* EXERCISE GOAL
Of the entries below, return exactly those lines that fall between the one containing "La gente mira" and the one containing "Set de boxe", the two end lines included.

* DATA TO PROCESS
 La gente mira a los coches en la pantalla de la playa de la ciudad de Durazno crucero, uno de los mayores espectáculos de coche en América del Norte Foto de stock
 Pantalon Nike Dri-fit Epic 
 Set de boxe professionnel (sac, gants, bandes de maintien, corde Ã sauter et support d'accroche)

...

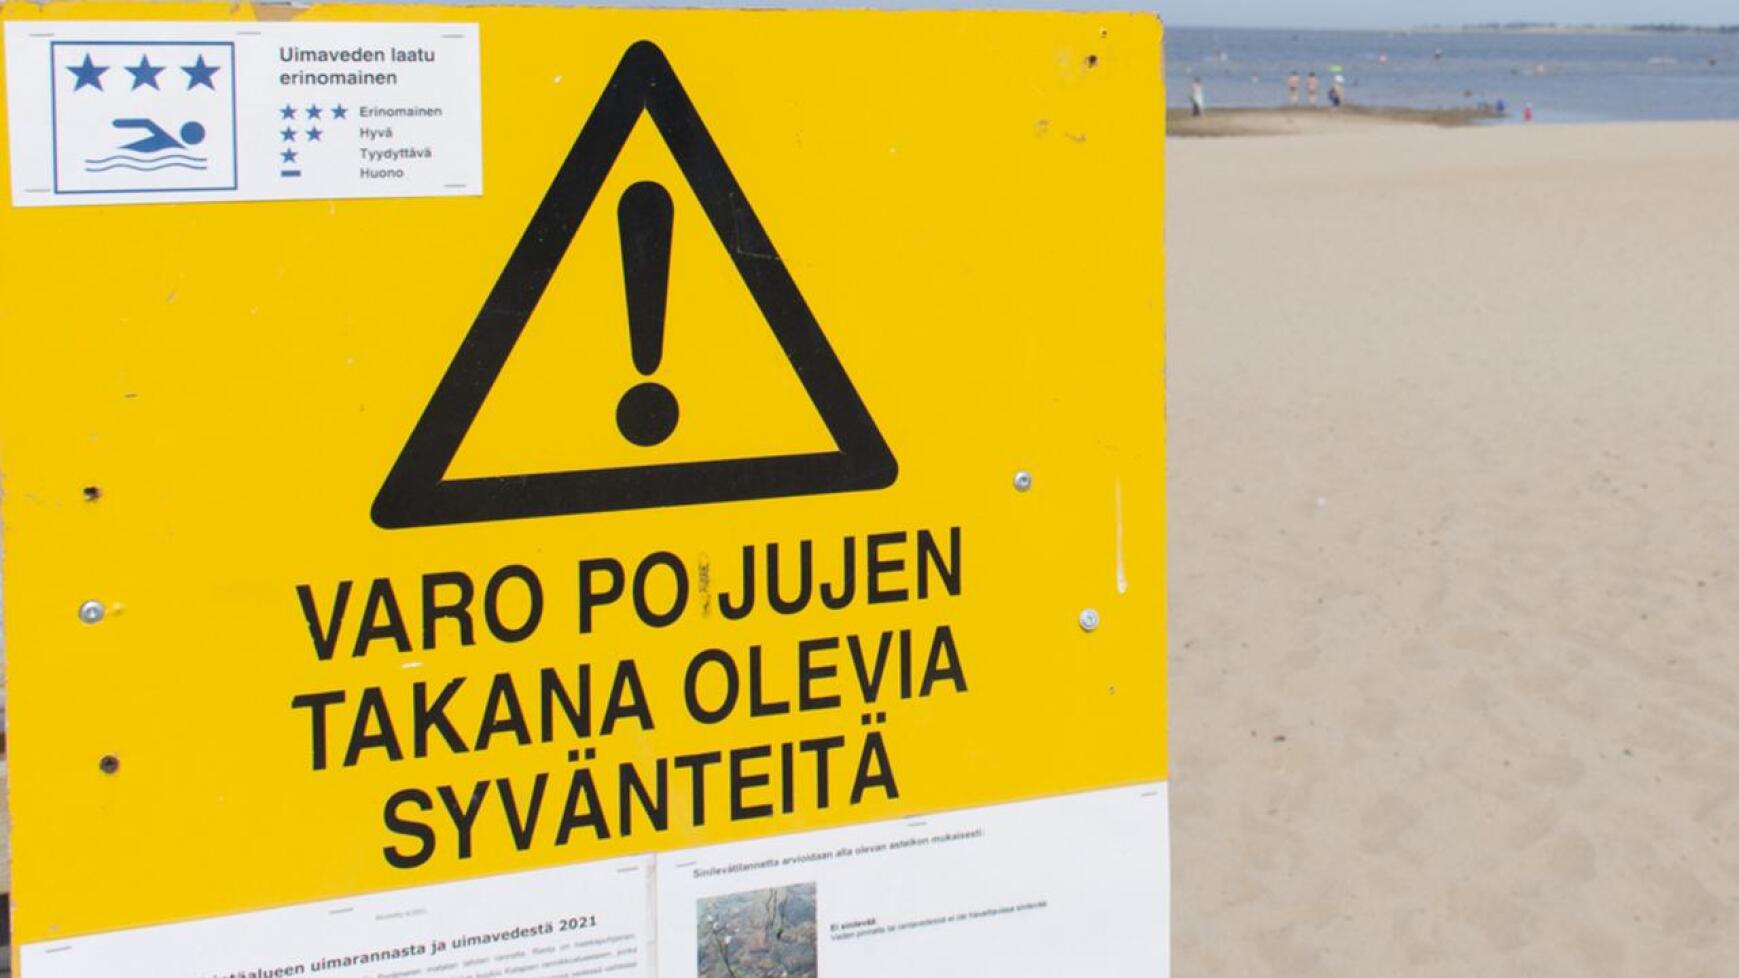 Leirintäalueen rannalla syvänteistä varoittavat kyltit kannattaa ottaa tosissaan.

* * *

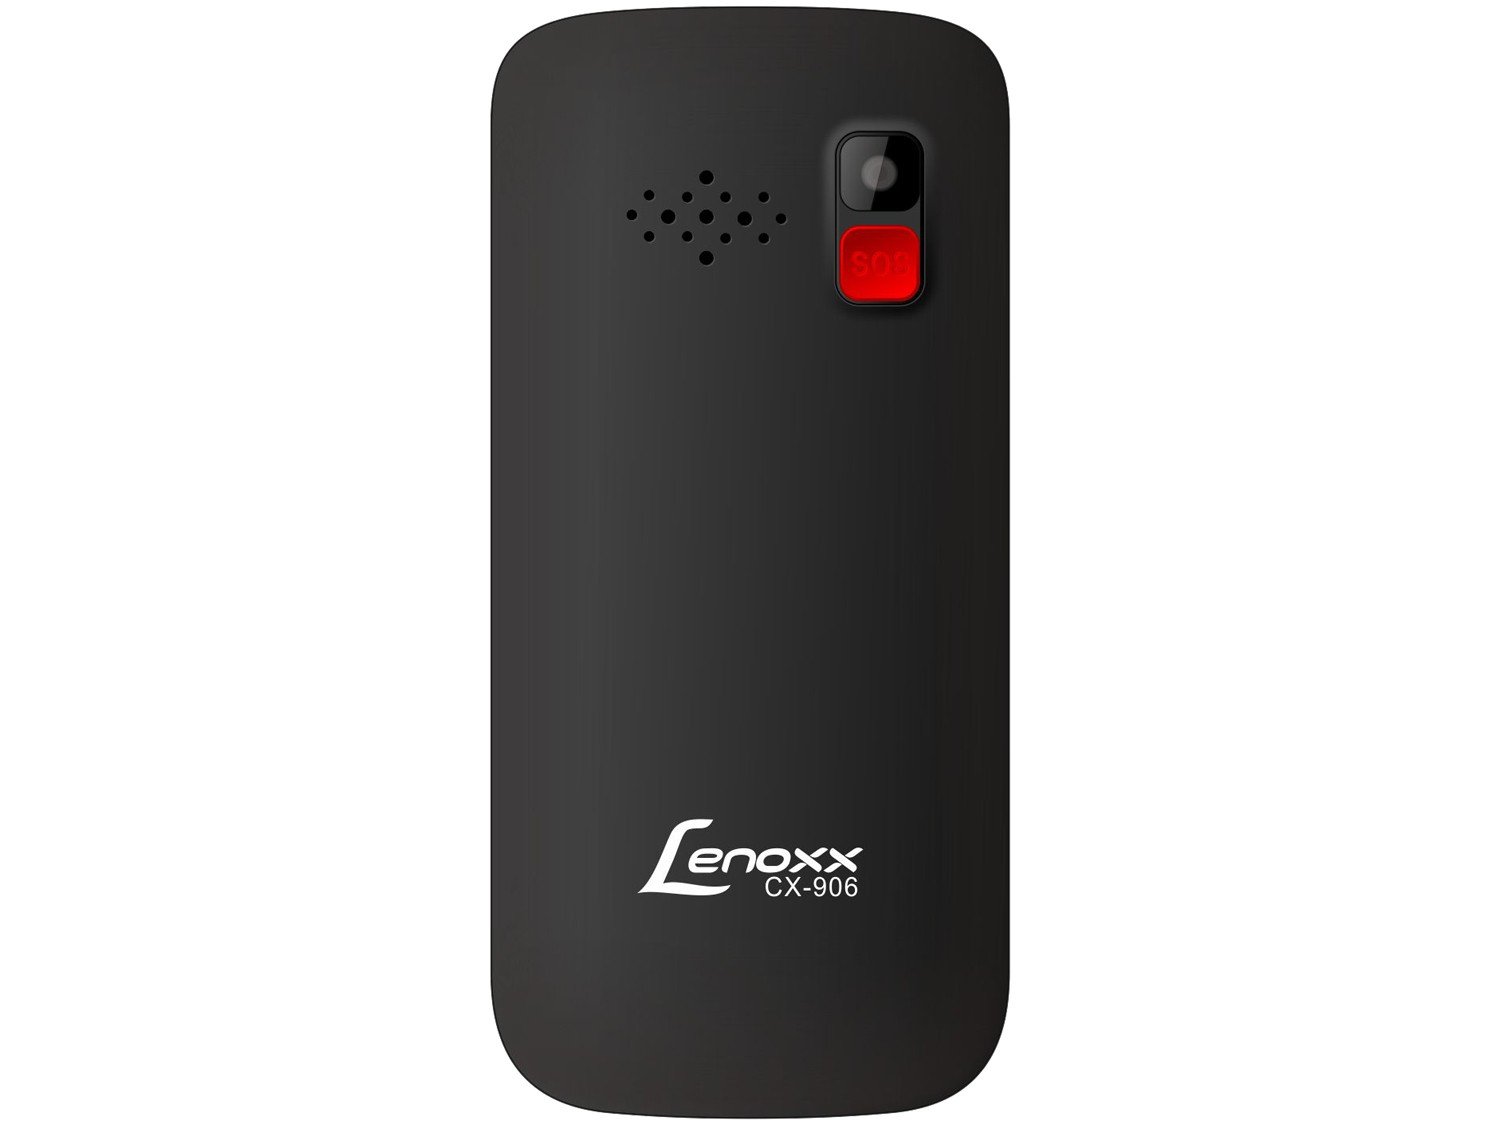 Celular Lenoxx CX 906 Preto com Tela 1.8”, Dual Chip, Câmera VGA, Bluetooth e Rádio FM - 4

* YOUR SOLUTION
 La gente mira a los coches en la pantalla de la playa de la ciudad de Durazno crucero, uno de los mayores espectáculos de coche en América del Norte Foto de stock
 Pantalon Nike Dri-fit Epic 
 Set de boxe professionnel (sac, gants, bandes de maintien, corde Ã sauter et support d'accroche)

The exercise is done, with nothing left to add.